Садаханов обращается к словам прокурора о том, что вечером 1 марта Бахаев был во Внуково, адвокат напоминает, что его подзащитный проезжал ж/д переезд и возвращался вечером домой в Козино. Он также настаивает, что утверждения прокурора о словах Гусевой, что муж якобы не таксовал, тоже ложные. Гусева говорила, что ее муж стеснялся таксовать.
Супруга Бахаева в зале плачет.
Адвокат Садаханов также комментирует слова обвинителя об общении Бахаева и братьев Губашевых, которые жили в одном доме и потому не могли не общаться. Он комментирует и слова Семененко об успешной работе СК по поиску заказчиков: «Уважаемые присяжные, не найдет и не посадит. Это, к сожалению, не первое резонансное преступление — если бы всех заказчиков находили, эти преступления не продолжались бы».
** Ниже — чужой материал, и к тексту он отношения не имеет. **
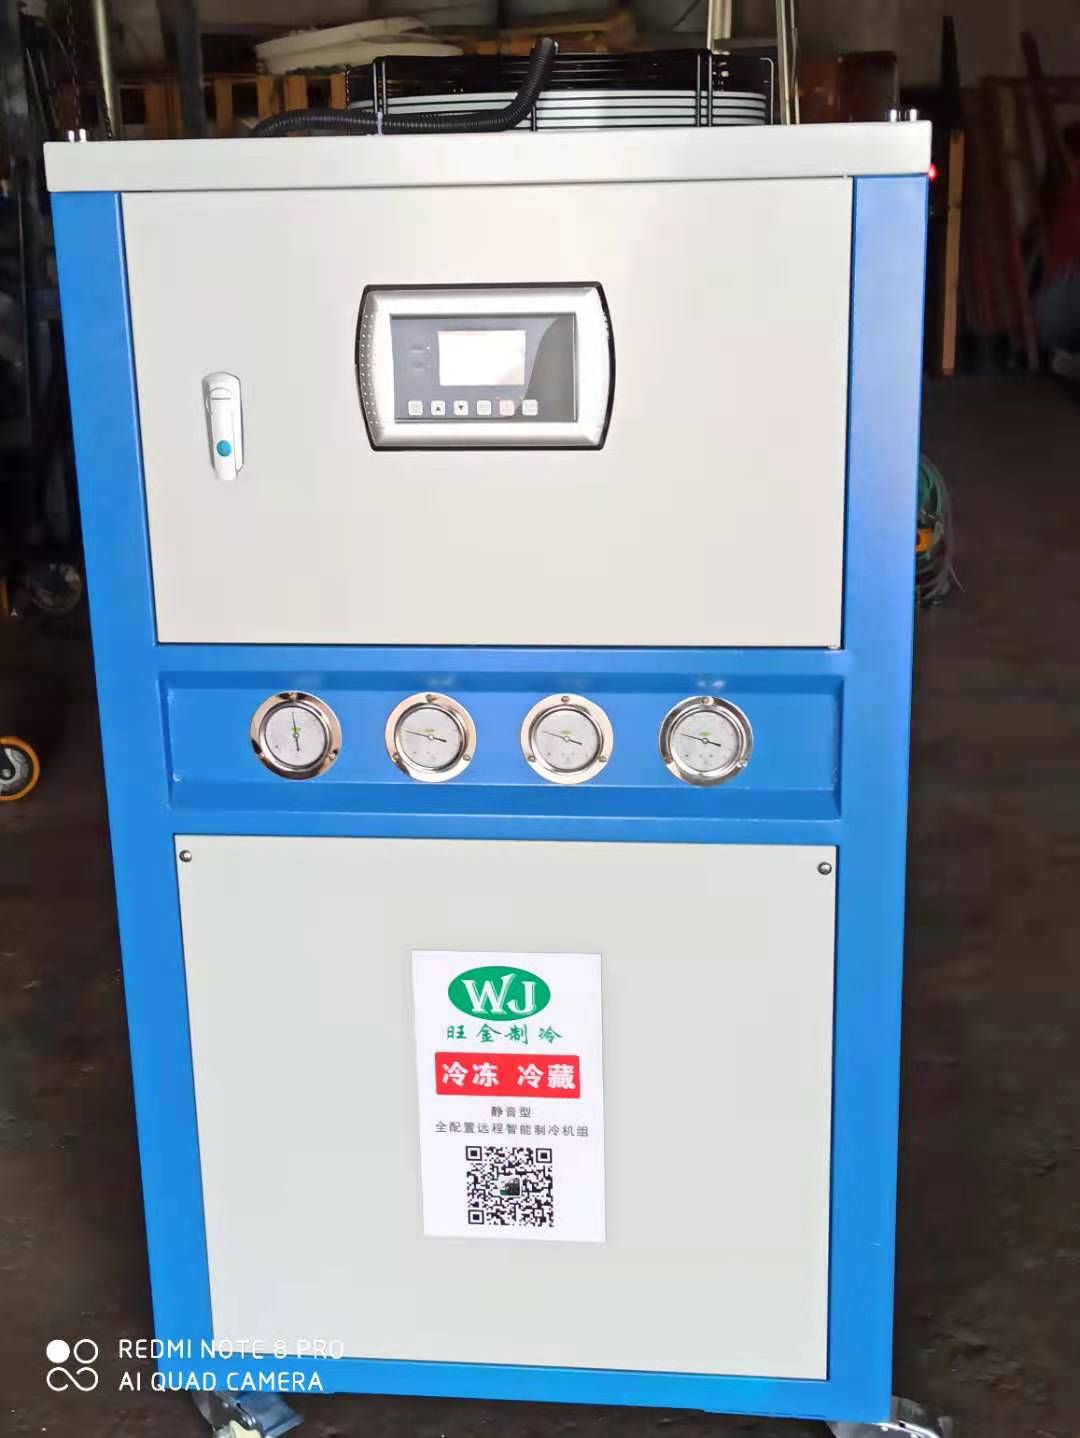 广州市WJ10HP风冷式冷水机组厂家WJ10HP风冷式冷水机组厂家专业生产、维修、保养一条龙服务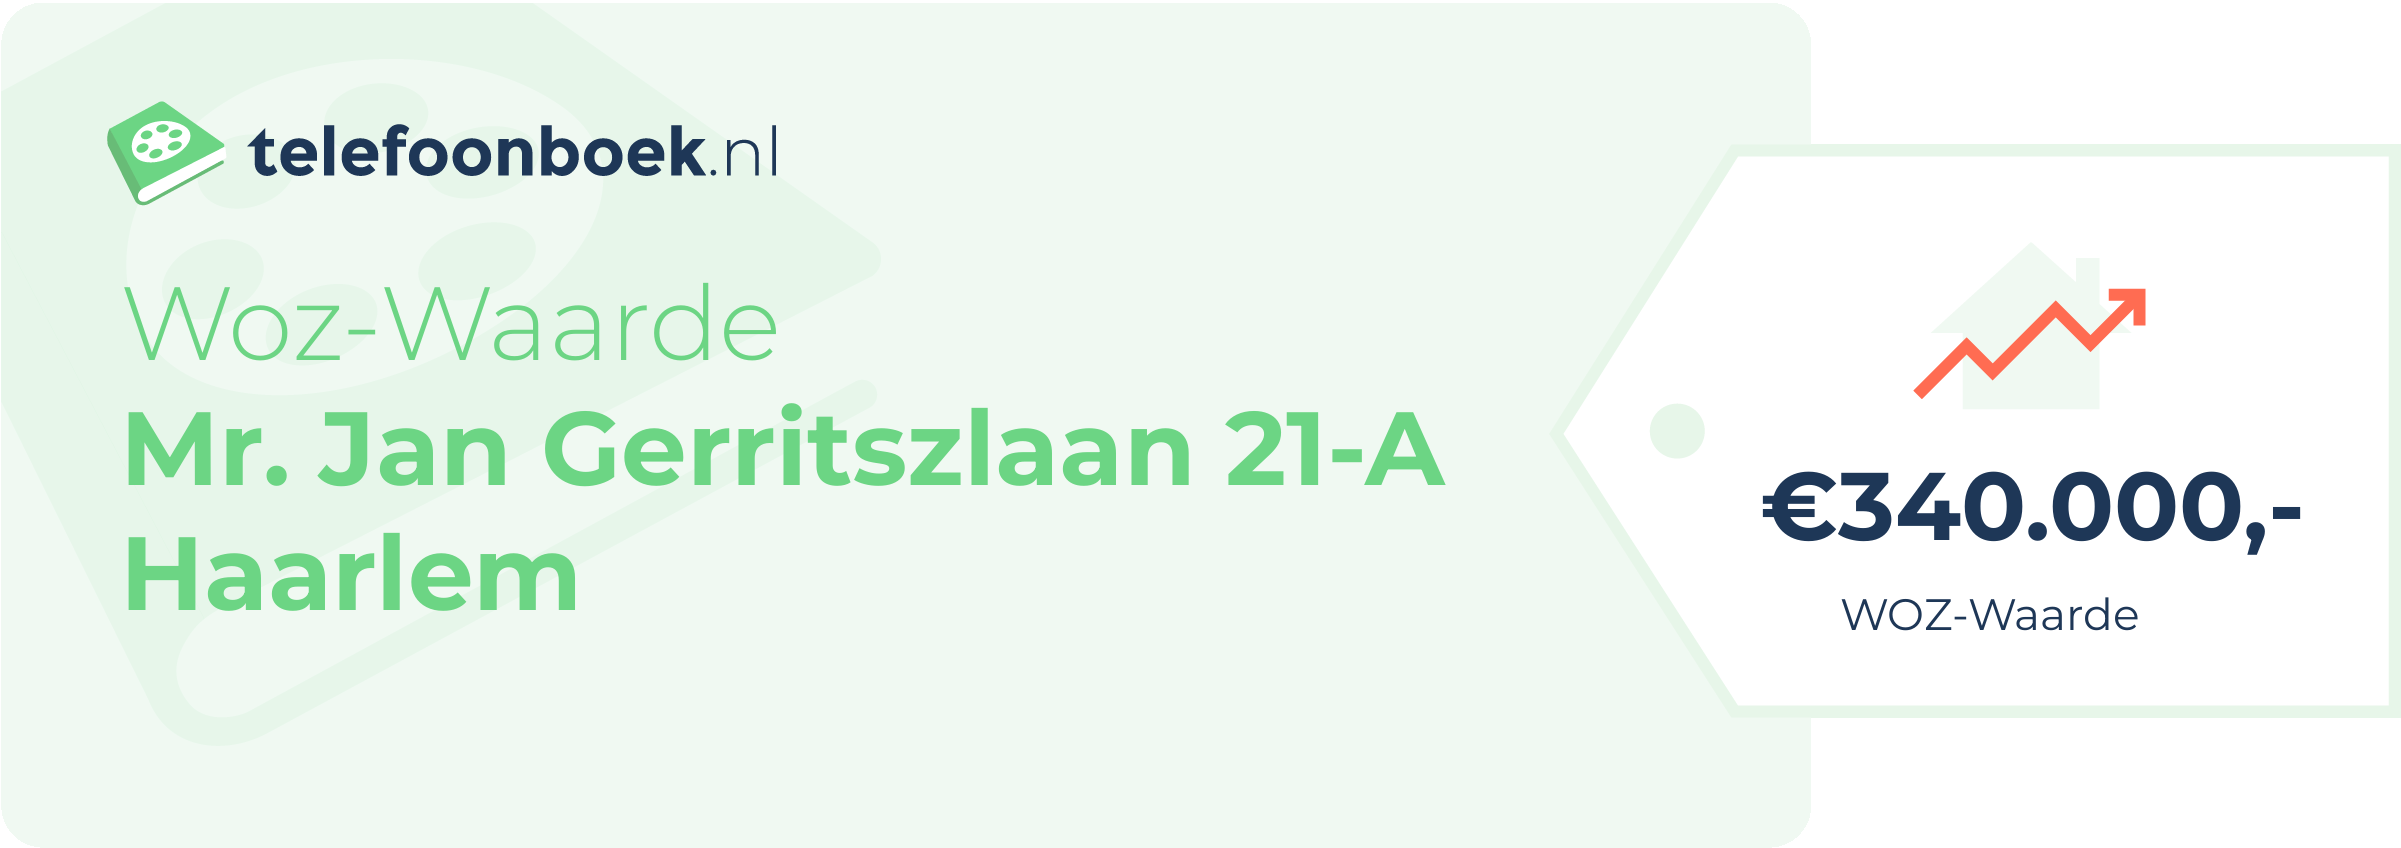 WOZ-waarde Mr. Jan Gerritszlaan 21-A Haarlem

Садаханов настаивает, что «обвинение не представило ни одного доказательства, опровергающего доказательства, которые подтверждают непричастность Бахаева» к преступлению. «Есть конкретные доказательства, по каждому пункту мы прошлись, были исследованы все экспертизы, которые свидетельствовали о его непричастности», — подчеркивает защитник.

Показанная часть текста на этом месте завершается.